Researchers have begun to use deep learning techniques for language modeling as well. In the long history of speech recognition, both shallow form and deep form e. Most speech recognition researchers who understood such barriers hence subsequently moved away from neural nets to pursue generative modeling approaches until the recent resurgence of deep learning starting around — that had overcome all these difficulties.
Hinton et al. By early s speech recognition, also called voice recognition    was clearly differentiated from sp eaker recognition, and speaker independence was considered a major breakthrough. Until then, systems required a "training" period.

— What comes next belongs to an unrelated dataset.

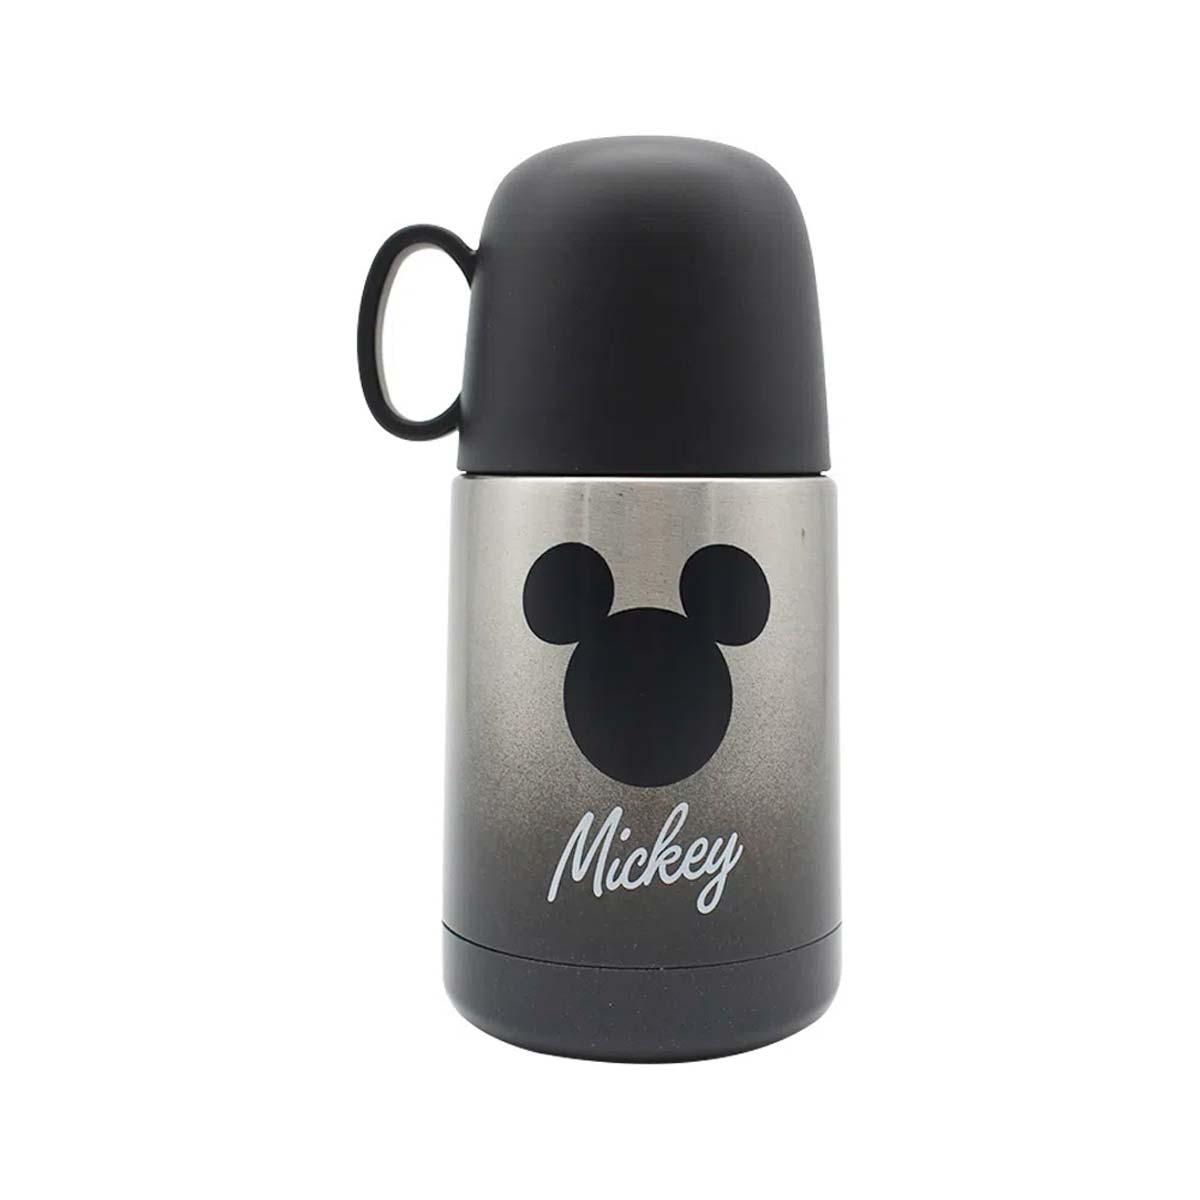 Mini Garrafa com Caneca Mickey Silhueta 210 ml

A ad for a doll had carried the tagline "Finally, the doll that understands you. In , Microsoft researchers reached a historical human parity milestone of transcribing conversational telephony speech on the widely benchmarked Switchboard task. Multiple deep learning models were used to optimize speech recognition accuracy. The speech recognition word error rate was reported to be as low as 4 professional human transcribers working together on the same benchmark, which was funded by IBM Watson speech team on the same task. Both acoustic modeling and language modeling are important parts of modern statistically-based speech recognition algorithms.

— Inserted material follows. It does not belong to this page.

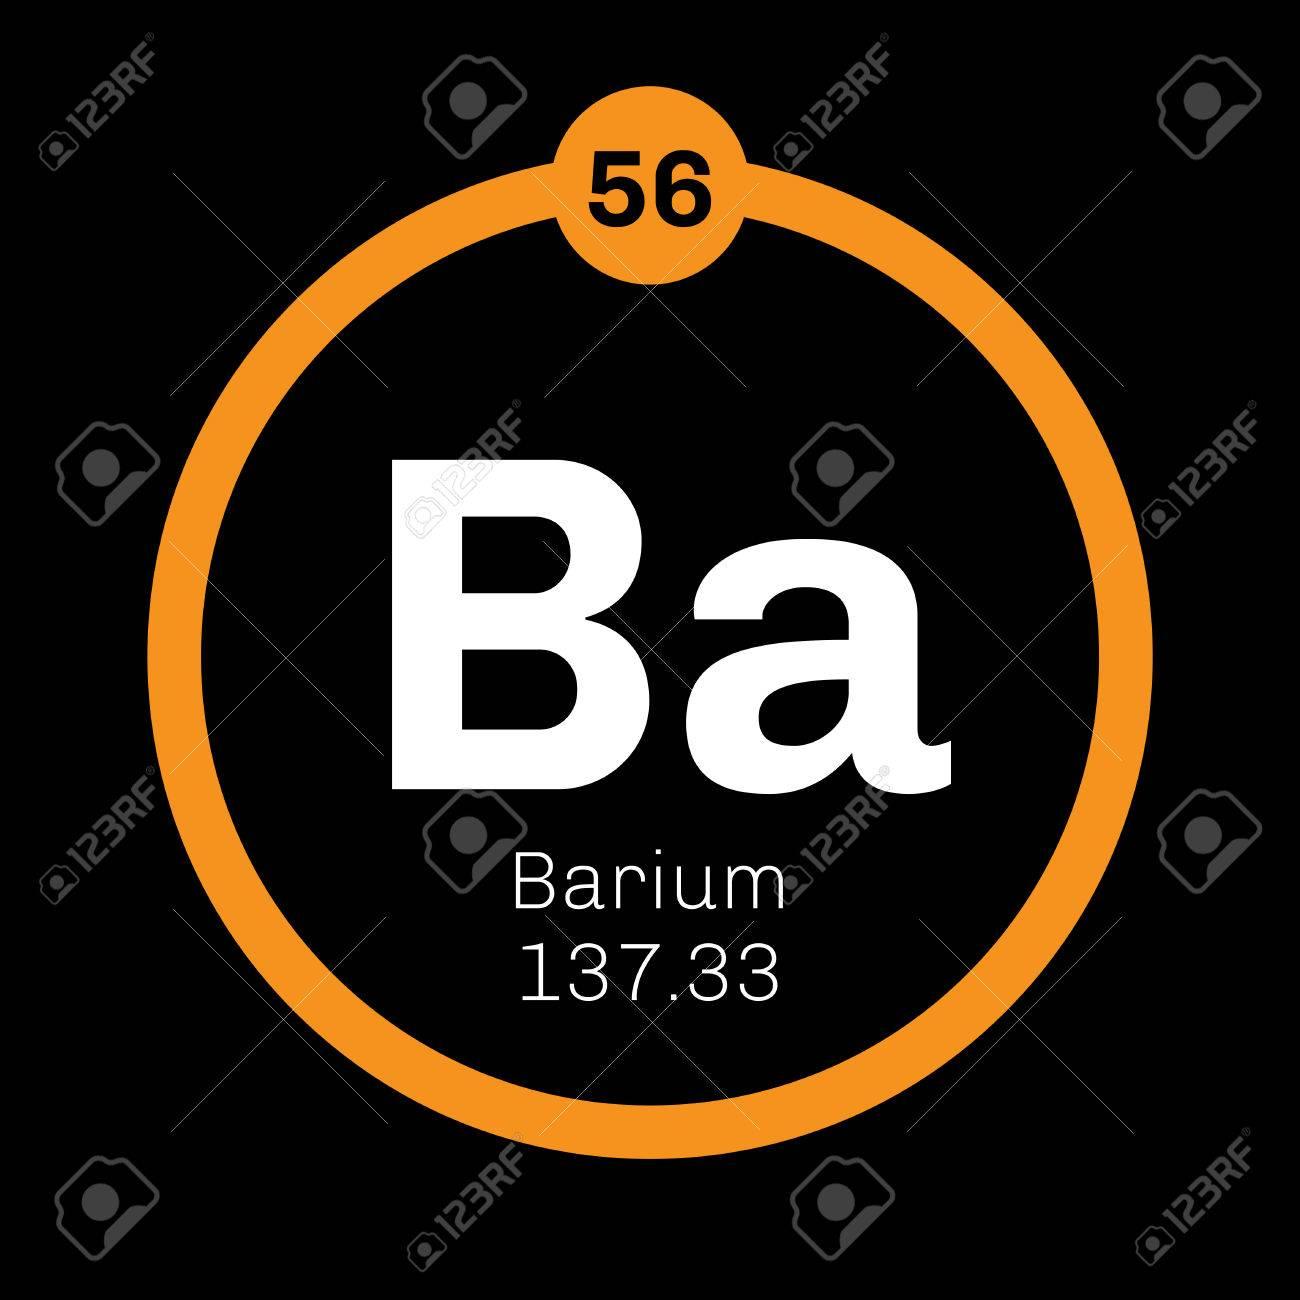 Barium chemical element an alkaline earth metal colored icon barium chemical element an alkaline earth metal colored icon with atomic number and atomic urtaz Gallery

Hidden Markov models HMMs are widely used in many systems.
- Office Hours!
- Speech processing.
Language modeling is also used in many other natural language processing applications such as document classification or statistical machine translation. Modern general-purpose speech recognition systems are based on Hidden Markov Models. These are statistical models that output a sequence of symbols or quantities. HMMs are used in speech recognition because a speech signal can be viewed as a piecewise stationary signal or a short-time stationary signal.
In a short time-scale e. Speech can be thought of as a Markov model for many stochastic purposes. Another reason why HMMs are popular is because they can be trained automatically and are simple and computationally feasible to use. In speech recognition, the hidden Markov model would output a sequence of n -dimensional real-valued vectors with n being a small integer, such as 10 , outputting one of these every 10 milliseconds. The vectors would consist of cepstral coefficients, which are obtained by taking a Fourier transform of a short time window of speech and decorrelating the spectrum using a cosine transform , then taking the first most significant coefficients.
The hidden Markov model will tend to have in each state a statistical distribution that is a mixture of diagonal covariance Gaussians, which will give a likelihood for each observed vector. Each word, or for more general speech recognition systems , each phoneme , will have a different output distribution; a hidden Markov model for a sequence of words or phonemes is made by concatenating the individual trained hidden Markov models for the separate words and phonemes.
Described above are the core elements of the most common, HMM-based approach to speech recognition.
Modern speech recognition systems use various combinations of a number of standard techniques in order to improve results over the basic approach described above. A typical large-vocabulary system would need context dependency for the phonemes so phonemes with different left and right context have different realizations as HMM states ; it would use cepstral normalization to normalize for different speaker and recording conditions; for further speaker normalization it might use vocal tract length normalization VTLN for male-female normalization and maximum likelihood linear regression MLLR for more general speaker adaptation.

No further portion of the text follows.